President Holland has stressed, however, that he will continue the course of austerity. “The right economic strategy is to stay on this deficit reduction track without doing anything that can weaken growth,” Hollande said during a public appearance in Dijon. “That is the essence of the dialogue I have undertaken with the European Commission: to stay the course, nothing more, nothing less.”
Nevertheless, he has been vigorously attacked by the German government and the Bundesbank. Bundesbank President Jens Weidmann accused the French government of allowing its reforms to stall. “Particularly in the big countries it is important that there is a signal that the new [stability and growth pact] commitments are taken seriously,” he said.
In Germany, where a federal election takes place in September, the Conservative and neo-liberal parties in government are competing with the social democratic and Green opposition parties about who is promoting the harshest austerity measures.
In the presence of former Chancellor Gerhard Schröder, the SPD recently celebrated the tenth anniversary of its Agenda 2010, which created a huge low-wage sector and massively drove down wage levels. SPD parliamentary leader Frank-Walter Steinmeier boasted that Germany had thereby gained a huge competitive advantage over Italy, France and Spain.

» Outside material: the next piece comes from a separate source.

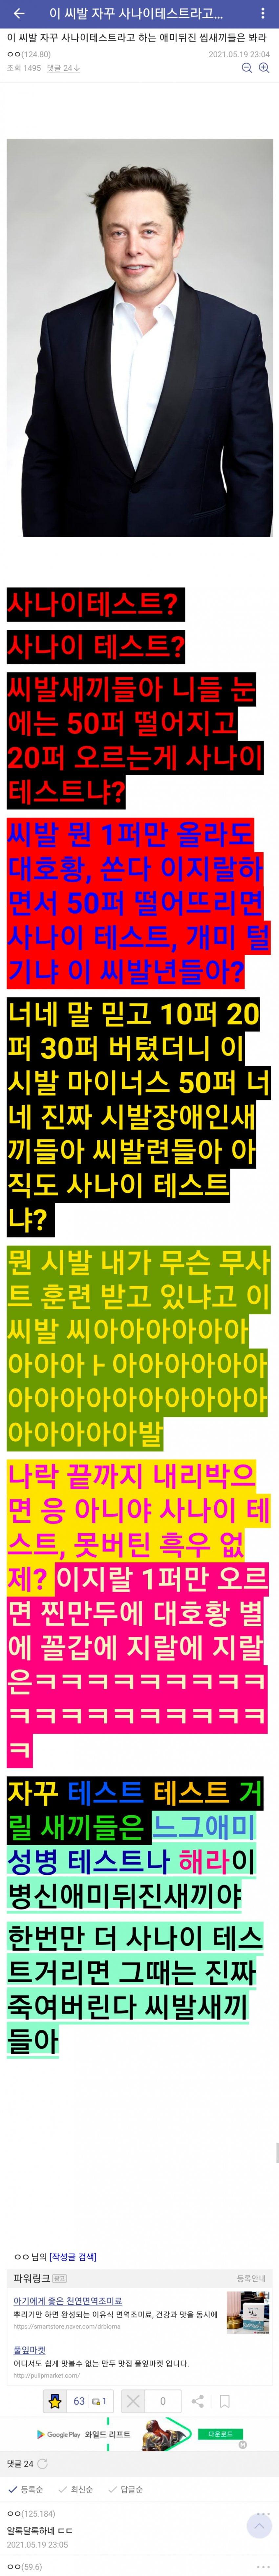 viewimage.php?id=3eb4de21e9d73ab360b8dab04785736f&no=24b0d769e1d32ca73dec8efa11d02831b210072811d995369f4ff09c9cd84d8360b872bbc6f09bb6b9c1363be042e874f62ec01b4dedeeb940411a7038ee7cfb442c6ede554a75fa955c725042072faf762f51f9ad1158f3d004e06e18246dc0a8bb8ef3d7ce

According to an analysis conducted by the the US-based bank JPMorgan Chase, since the introduction of the euro the real exchange rate in Germany has fallen by 16.4 percent due to low wages, while the French rate has risen by 4.5 percent. This, the bank explains, is behind the success of the German export industry.
Every German party, whether in government or opposition is determined to continue this destructive race to the bottom at the expense of the working class. This is the cause of the growing tensions within the European Union, despite the fact that governments are largely in agreement when it comes to attacks on the working class.

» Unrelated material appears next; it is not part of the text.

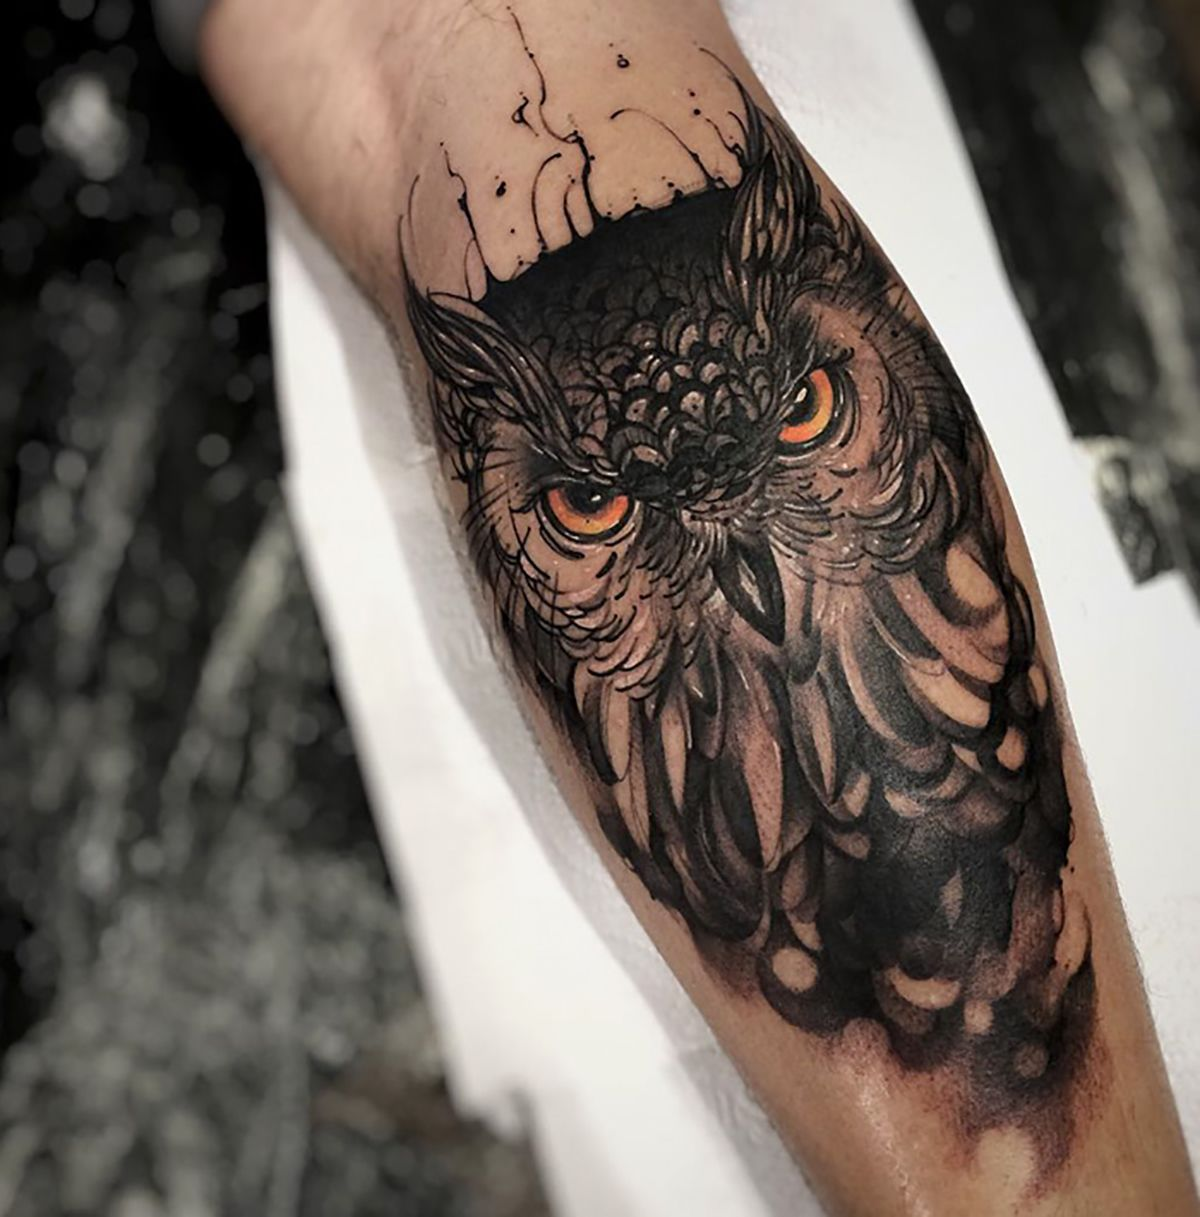 20 Tatuajes De Aves Que Te Harán Reflexionar Acerca Del Lugar Donde

The EU has only been able to impose its devastating austerity policies so far because the massive opposition to it has no independent political outlet. The responsibility lies with the unions and allegedly left and pseudo-left parties which suppress social resistance, divert it into harmless channels and—dressed up with a few critical phrases—defend the austerity measures the European Union.
In Italy, the Five-Star Movement of the comedian Beppe Grillo has benefited from the opposition to the austerity measures of the Monti government, because they were supported by all the successor organizations of the Communist Party. Grillo was successful because of his fierce polemics directed against all the established political parties and the EU. At the same time he advocates a very reactionary economic program. (See, “The political significance of Beppe Grillo’s Five-Star Movement”)
In other countries—such as Greece and Hungary—fascist movements have gained influence under conditions where the ostensible “left” defends and supports the European Union.
Neither the trade unions nor the pseudo-left movements, however, can prevent the growth of social tensions in Europe to explosive proportions. The most urgent task now is the building of a new revolutionary party that provides the opposition to austerity with a progressive perspective and unites the workers of Europe on the basis of a socialist program.